If a patient has a brain which is diseased and has lost a disproportionate amount of volume, such as in dementia, the tool will show the mismatch between the real age and the predicted age
Researchers from the School of Biomedical Engineering & Imaging Sciences have developed a new machine learning tool that analyses brain MRIs and predicts the age of a brain compared to the rest of the population. Essentially a screening tool, it automatically detects older-appearing brains in real-time using routine clinical scans.
Published in Neuroimage, the research shows that as part of a natural process, brains lose volume with age and as long as the volume loss is appropriate for the patient’s age, the new tool will predict the correct age of the patient.
But if a patient has a brain which is diseased and has lost a disproportionate amount of volume, such as in dementia, the tool will show the mismatch between the real age and the predicted age thereby alerting clinicians to this important discrepancy and flag that the brain is abnormal for age.
Currently there is no screening tool during routine hospital MRI examinations that automatically detects older-appearing brains in real-time. Instead this is assessed after the scan in centres where there are neuroradiologists and assessment is performed visually.– Principal Investigator Dr Tom Booth, Senior Lecturer in Neuroimaging at the School of Biomedical Engineering & Imaging Sciences and Consultant Diagnostic and Interventional Neuroradiologist at King’s College Hospital
“We have shown it is possible to close that gap from point of scan to expert review, if the centre is lucky enough to have experts, by automating that process.”
Using a deep learning based neuroradiology report classifier, the researchers generated a dataset of 23, 302 ‘radiologically normal for age’ head MRI examinations from two large UK hospitals, namely, Guy’s and St Thomas’ NHS Foundation Trust and King’s College Hospital using the pre-existing neuroradiology reports.
Then using an unusual approach whereby there is very little computational pre-processing of the scans, they applied another deep learning image algorithm to the large dataset of normal scans.
Further experiments used a variety of normal scan types from a third institute as well as an open-source dataset.
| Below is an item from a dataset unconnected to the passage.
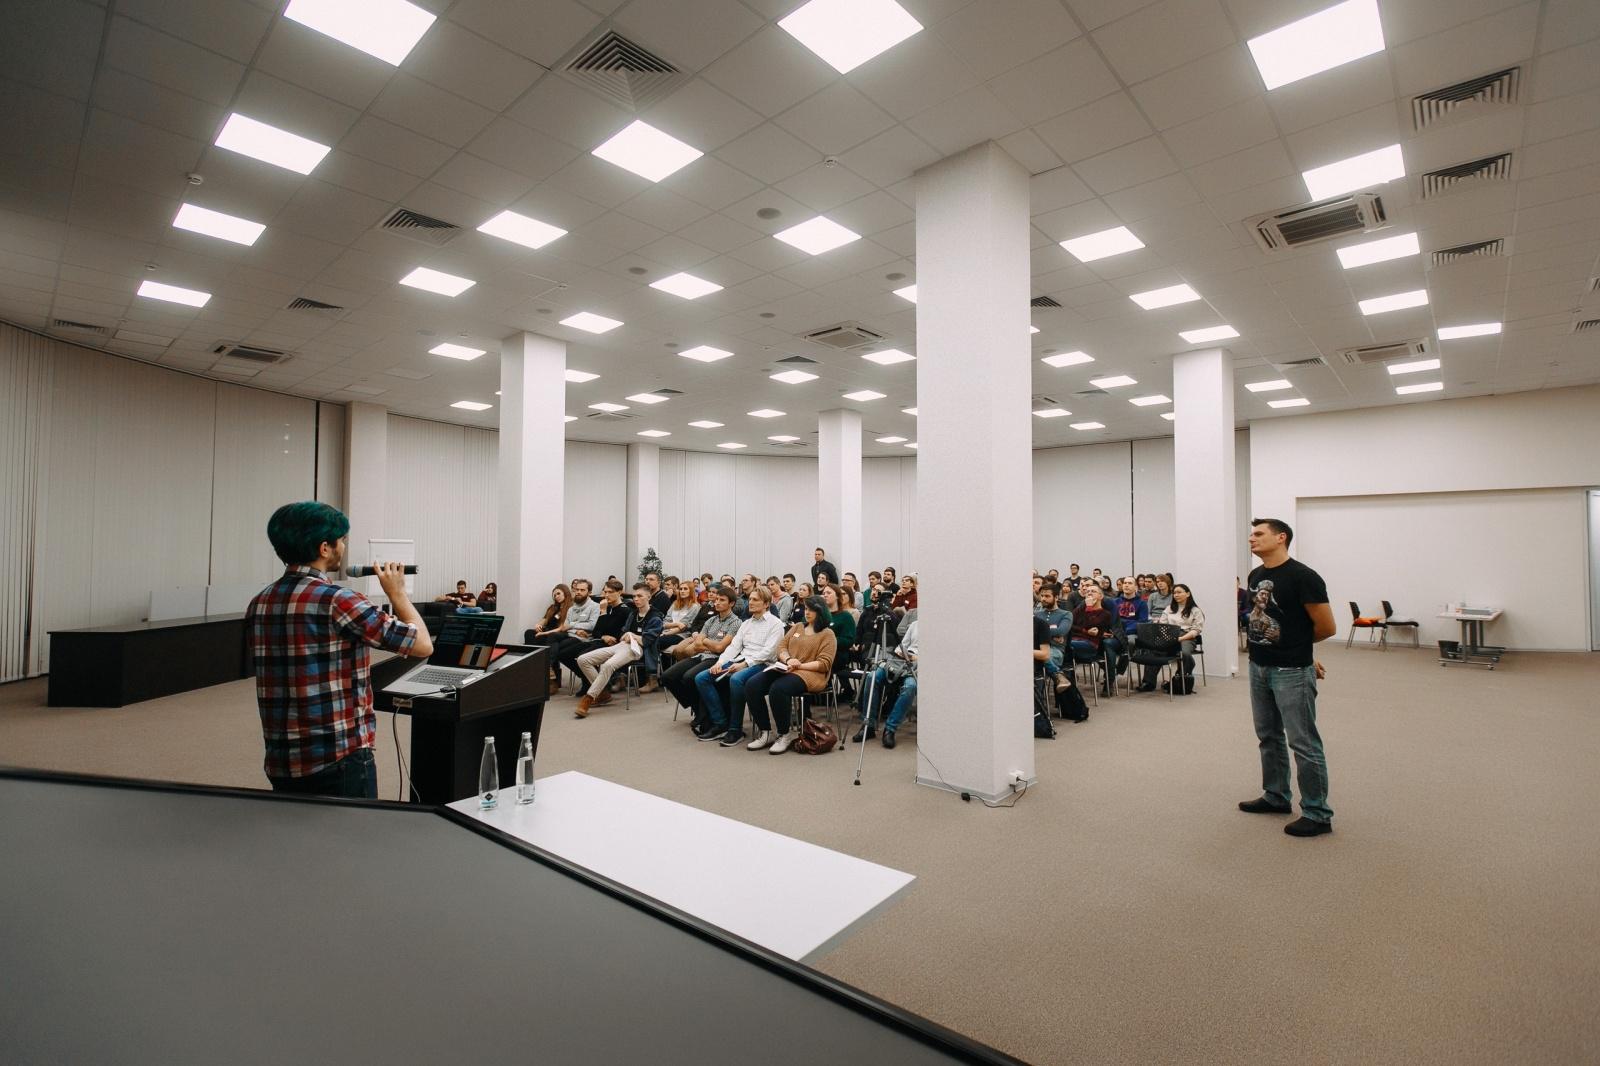 Ростов-на-Дону: IT-компании, сообщества и мероприятия в 2019 году - 12

Their final model was tested using scans with a disproportionate amount of brain volume loss and then scrutinised their model findings by building heatmaps of the parts of the scans which the model predicted there was a disproportionate amount of brain volume loss.
First author Dr David Wood, researcher at the School of Biomedical Engineering and Imaging Sciences, said a key aspect of this study was the use of a large, clinically-representative dataset for model training.
This enabled our brain-age model to generalise to out-of-sample data like scans from external hospitals and different scanner vendors, suggesting that it can be applied in radiology centres beyond those considered in this study, particularly smaller centres without neuroradiology specialists.– Dr David Wood, researcher at the School of Biomedical Engineering and Imaging Sciences
The researchers say this framework could have important implications for patient care, drug development, and optimising MRI data collection.
“Currently abnormal older-appearing brains are detected sometime after the scan at the time of reporting. The most accurate reports will be in centres where there are neuroradiologists however few centres have neuroradiologists,” Dr Booth said.
“Automatically detecting volume loss in real time helps screen for the common problem of neurodegeneration during scans obtained for all reasons. A subsequent diagnosis of, for example early-stage Alzheimer’s disease, could potentially improve patient care through implementing early medical and social interventions. Similarly, patients could potentially be recruited into drug trials at an earlier stage.”
Dr Booth said the framework could also be used to leverage the wealth of existing large hospital databases to provide powerful new resources for the training, testing and clinical validation of medical image analysis tools beyond brain-age such as abnormality detection.